*** Opening COLLECTED DATA ***

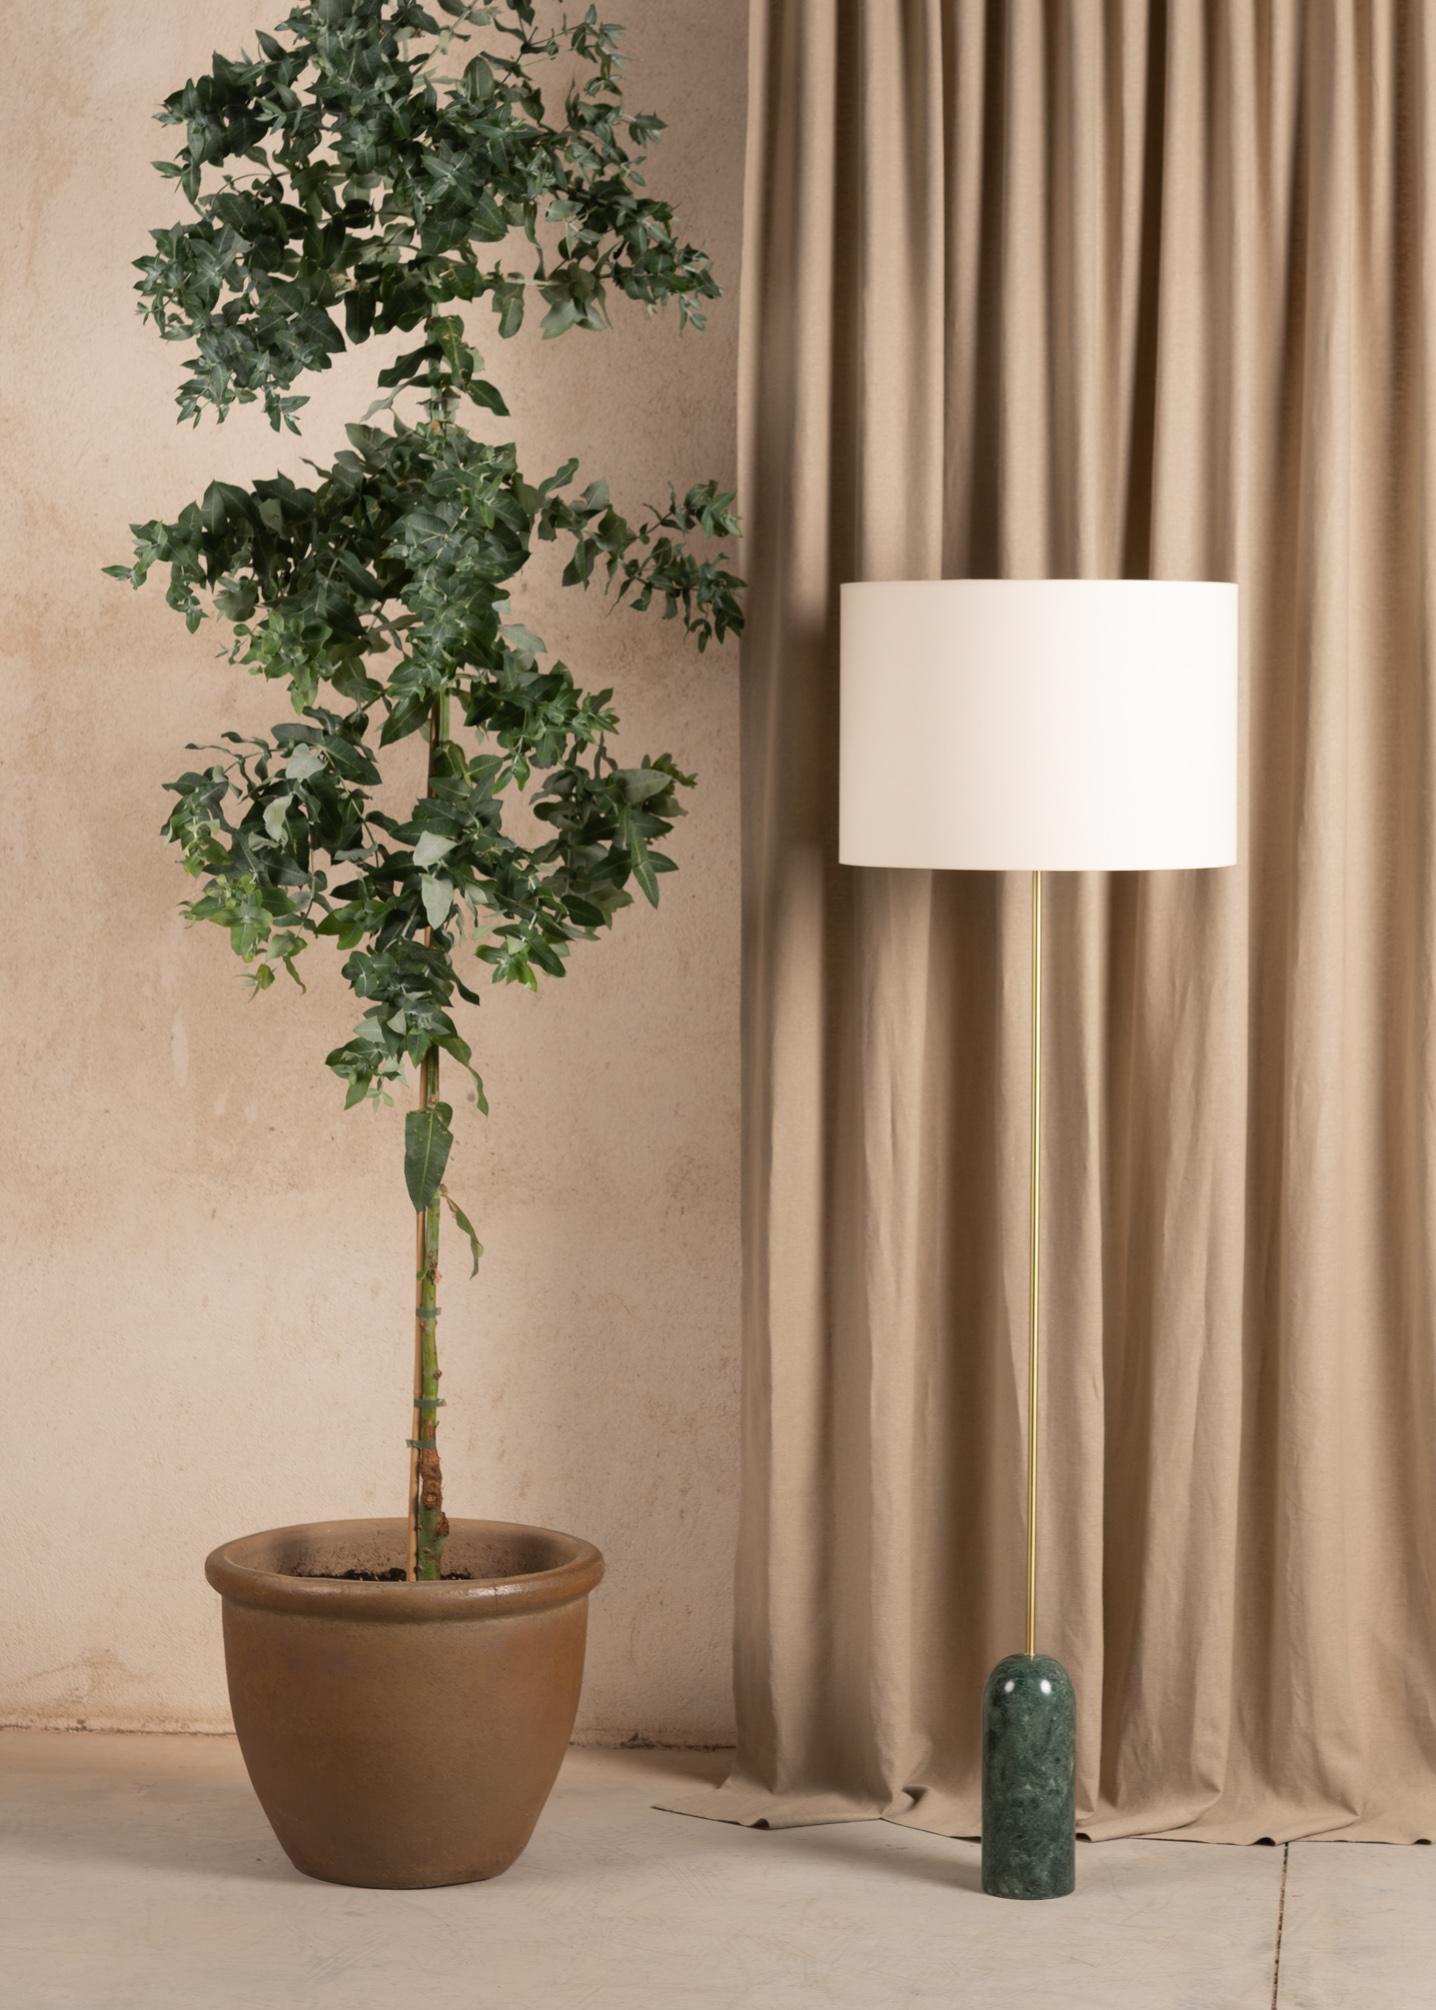 Pendolo Drum Green Marble Floor Lamp by Simone & Marcel
Dimensions: D 50 x W 50 x H 166 cm.
Materials: Brass, cotton and green marble.

Also available in different marble and alabaster options and finishes. Custom options available on request.

*** Closing COLLECTED DATA ***

● WHAT THE EXERCISE ASKS
Please reproduce each line of the listing above exactly, skipping pictures.

● RESPONSE
 Pendolo Drum Green Marble Floor Lamp by Simone & Marcel
Dimensions: D 50 x W 50 x H 166 cm.
Materials: Brass, cotton and green marble.

Also available in different marble and alabaster options and finishes. Custom options available on request.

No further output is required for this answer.